Peruvian labour lawyer and ethnocacerist

Isaac Humala Núñez (born 1931) is a Peruvian labour lawyer and the ideological leader of the Movimiento Etnocacerista, a group of ethnic nationalists in Peru.

==Personal life==
Isaac Humala Núñez, descended from Hispanics and Europeans who immigrated to the Andes and speaks Quechua (like almost everyone else in the Andes of Peru), is the father of Ollanta Humala, a former president of Peru. His wife Elena Tasso Heredia is from an old Italian family that established itself in Peru at the end of the 19th century. One of his other sons, Antauro Humala, a former army major, ran a rebellion against the government's policies in the Andean city of Andahuaylas in December 2004, in which a police station was seized and some people were killed. His eldest son, Ulises Humala, also ran for president in 2006, and currently occupies a full-time position as a professor at the National University of Engineering in Peru.

==Beliefs==
Humala is a self-proclaimed subversive: "a patriot has to be...Christ was and so are we", he declared in an interview. He had previously been an active member of the Communist Party of Peru – Red Fatherland and the Revolutionary Left Movement.

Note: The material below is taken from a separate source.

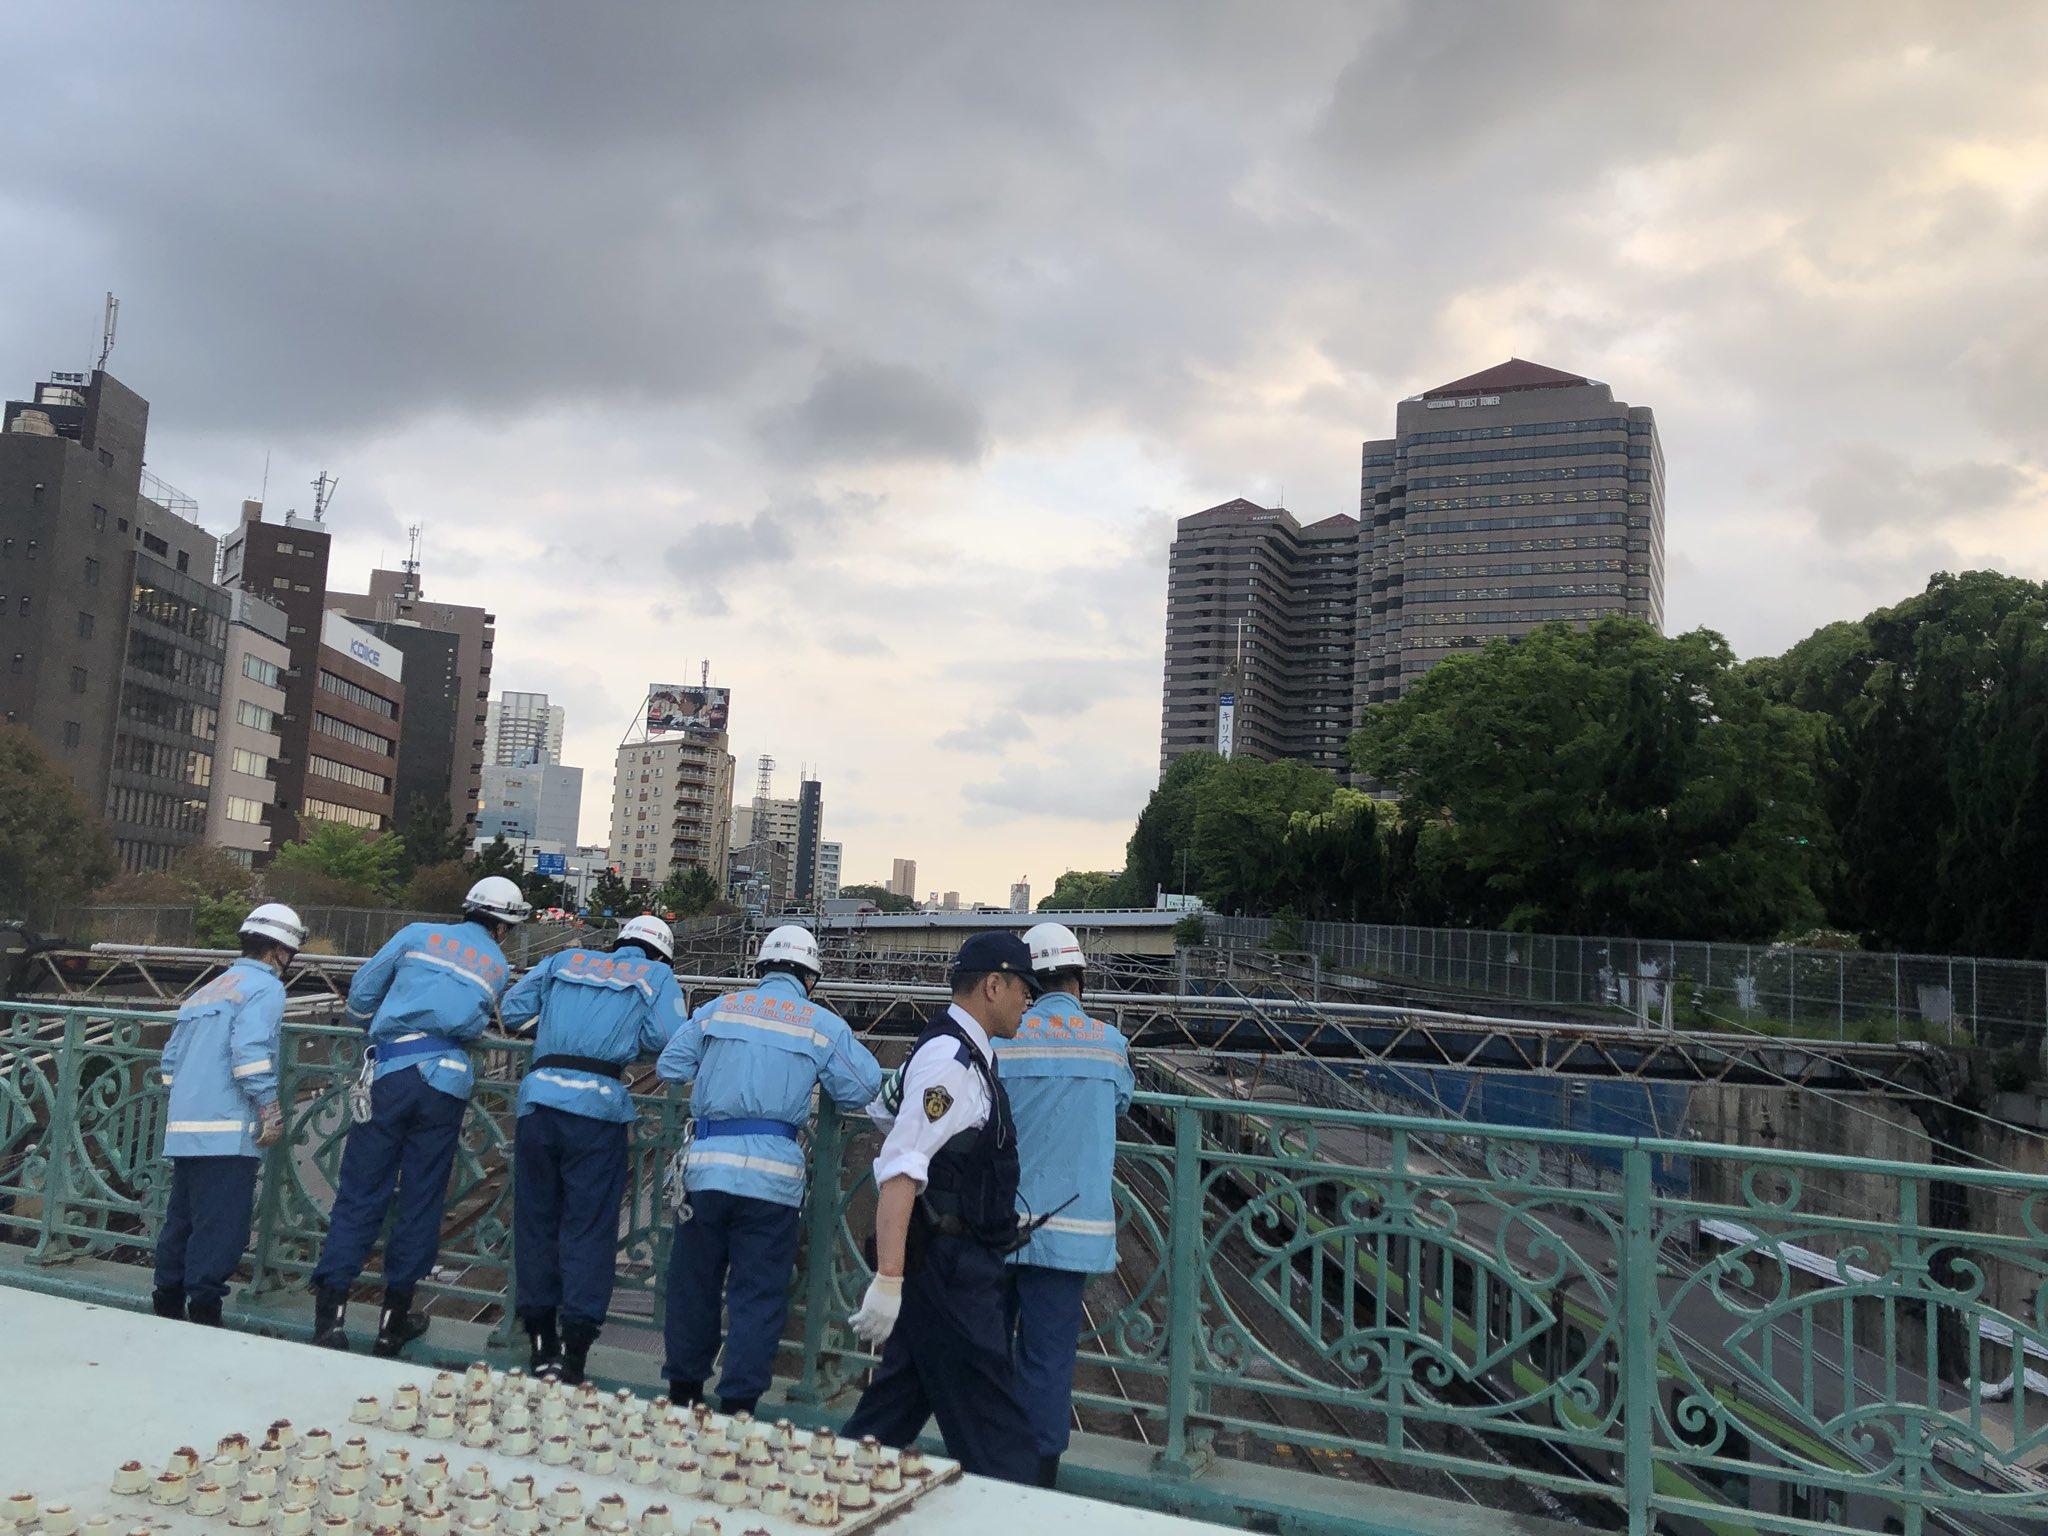 品川駅付近の人身事故で八ツ山橋で現場検証している画像

Humala is an ethnic nationalist, advocating for the "copper skinned" Andean peoples of Peru. According to Humala: "the human species had four races, of which one is practically separate, the white one that dominates the world, the yellow has two powers, China and Japan, and the Black, although without the same weight as the others, at least dominates its own continent. On the other hand, the copper race does not govern anywhere."

=== Ethnocacerism ===
In 1989, Humala founded the Instituto de Estudios Etnogeopolíticos (IEE), the think tank of his ethnocacerist ideology. Likewise, he founded the Peruvian Nationalist Movement (MNP) - a political group that assumes the postulates of "ethnocacerism" - according to an agreement taken in Alto de la Alianza, Tacna, on 29 October 2003 (third anniversary of the uprising of his sons against the Fujimori government), setting the primary objective of gaining electoral power but without ruling out the possibility of using the armed means. Its symbol is "El sembrador" by the indigenous painter José Sabogal.

==Political career==
===2006 Peruvian general election===
Vargas Llosa published an editorial on 15 January 2006, attacking Issac Humala's beliefs. Humala has said that his movement advocates more political sovereignty for Peru's indigenous members as they suffer more than the descendants of Europeans, who he believes hold too much influence in Peru and throughout the Andes.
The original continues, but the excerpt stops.